Isn't it obvious from the error message:

time series has no or less than 2 periods

? R's not telling you your data aren't periodic, just that the data you passed it have no indication that they are periodic.

Your time series x doesn't have an periodicity from the point of view of R. It looks like you forgot to tell, or made an error in telling, ts() what the periodicity is. As you don't show how x was created, there isn't much we can do except tell you to go back and create x so that it does have >=2 periods.

The point here is that on it's own, R can't deduce what the frequency of observation is per unit time. You have to tell ts() that information. You can do this in a number of ways:

frequency: the number of observations per unit of time.

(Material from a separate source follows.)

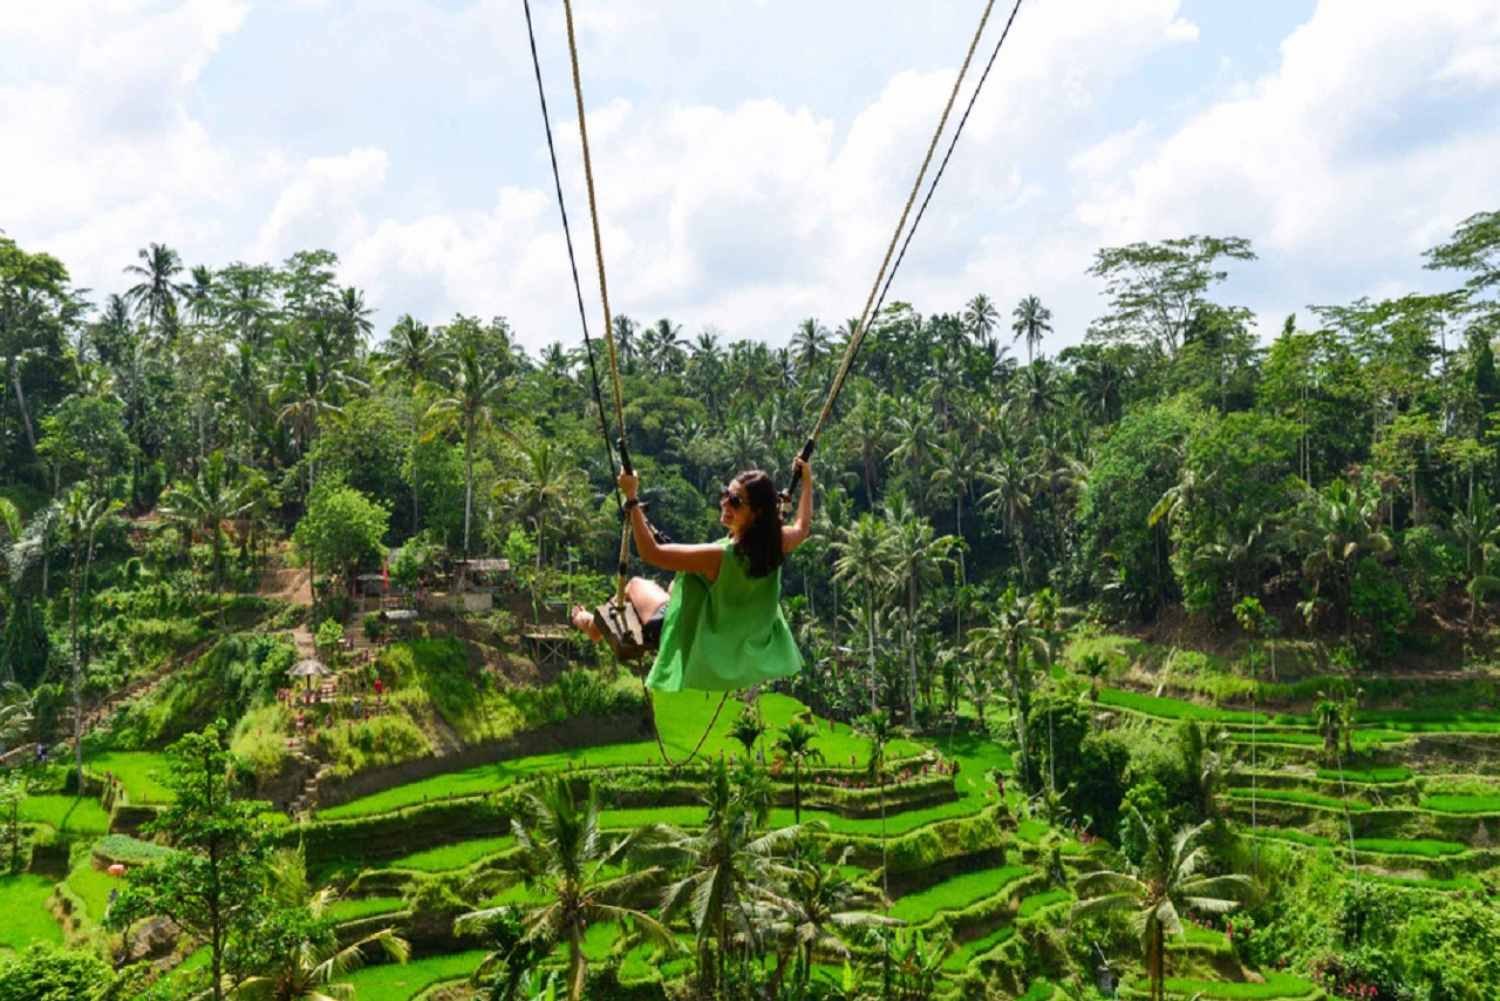 Bali: Ubud Full-Day Sightseeing Tour with Legong Dance Show
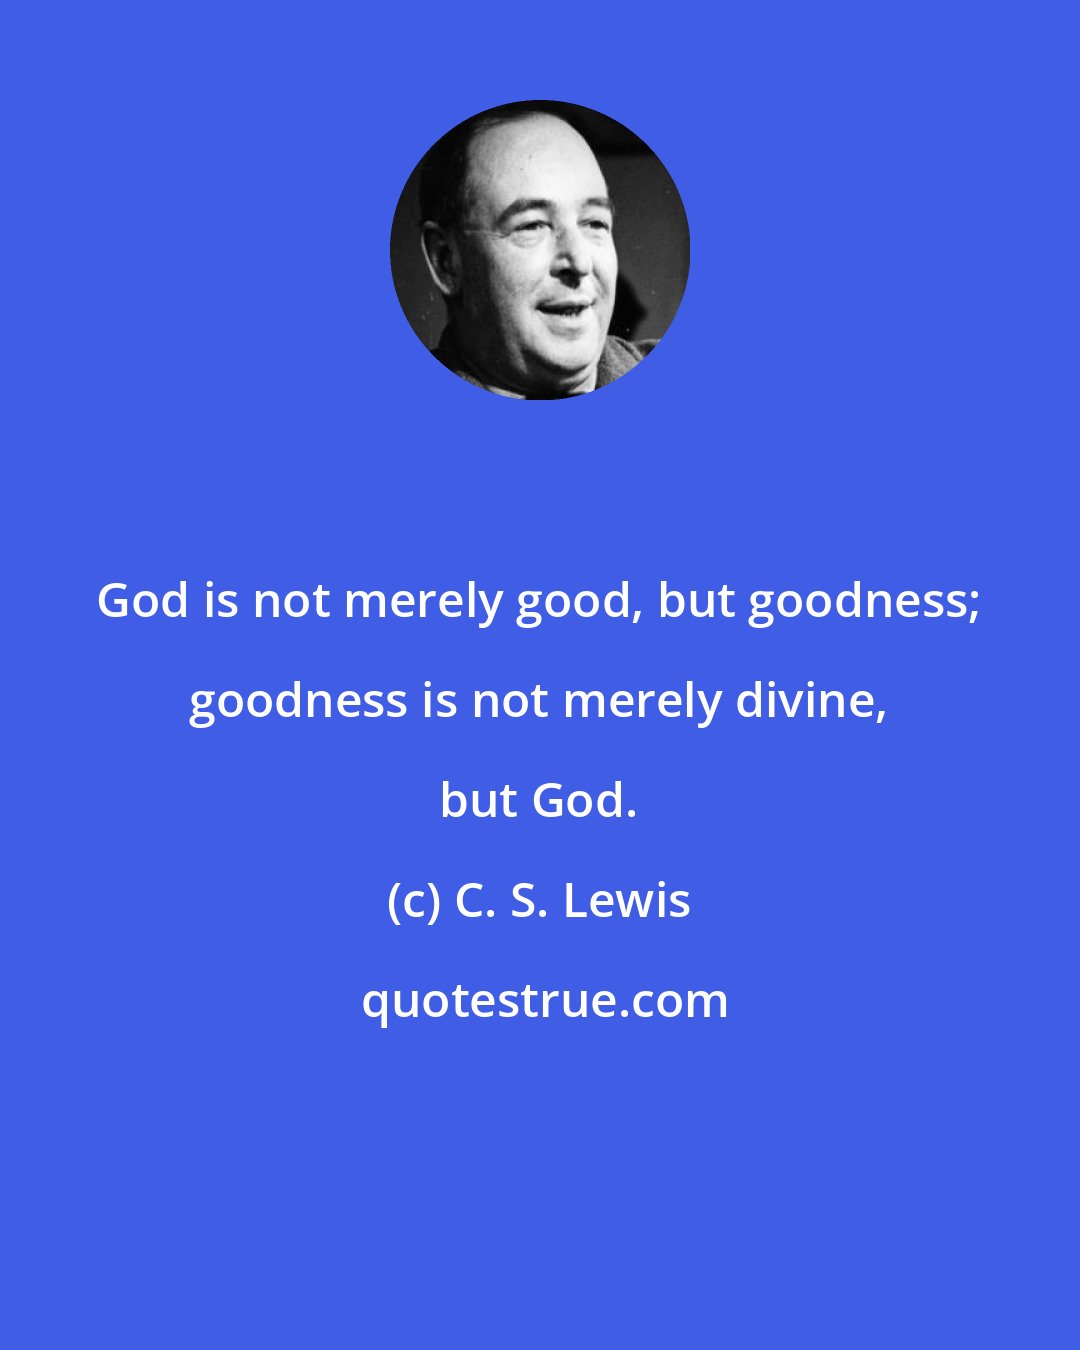 C. S. Lewis: God is not merely good, but goodness; goodness is not merely divine, but God.

deltat: the fraction of the sampling period between successive observations; e.g., 1/12 for monthly data. Only one of frequency or deltat should be provided.

If you don't provide one of these, ts() uses the defaults frequency = 1, deltat = 1 which would indicate a time series of one observation per unit time (one per year for example).

stl() requires a "ts" classed object - if you don't provide one, it will coerce the input data to a "ts" object via as.ts(). This function will use the defaults which I describe above.

What I think has happened here is that you didn't realise that stl() requires a "ts" class object nor that it created an inappropriate one for your data when you just supplied the vector of observations.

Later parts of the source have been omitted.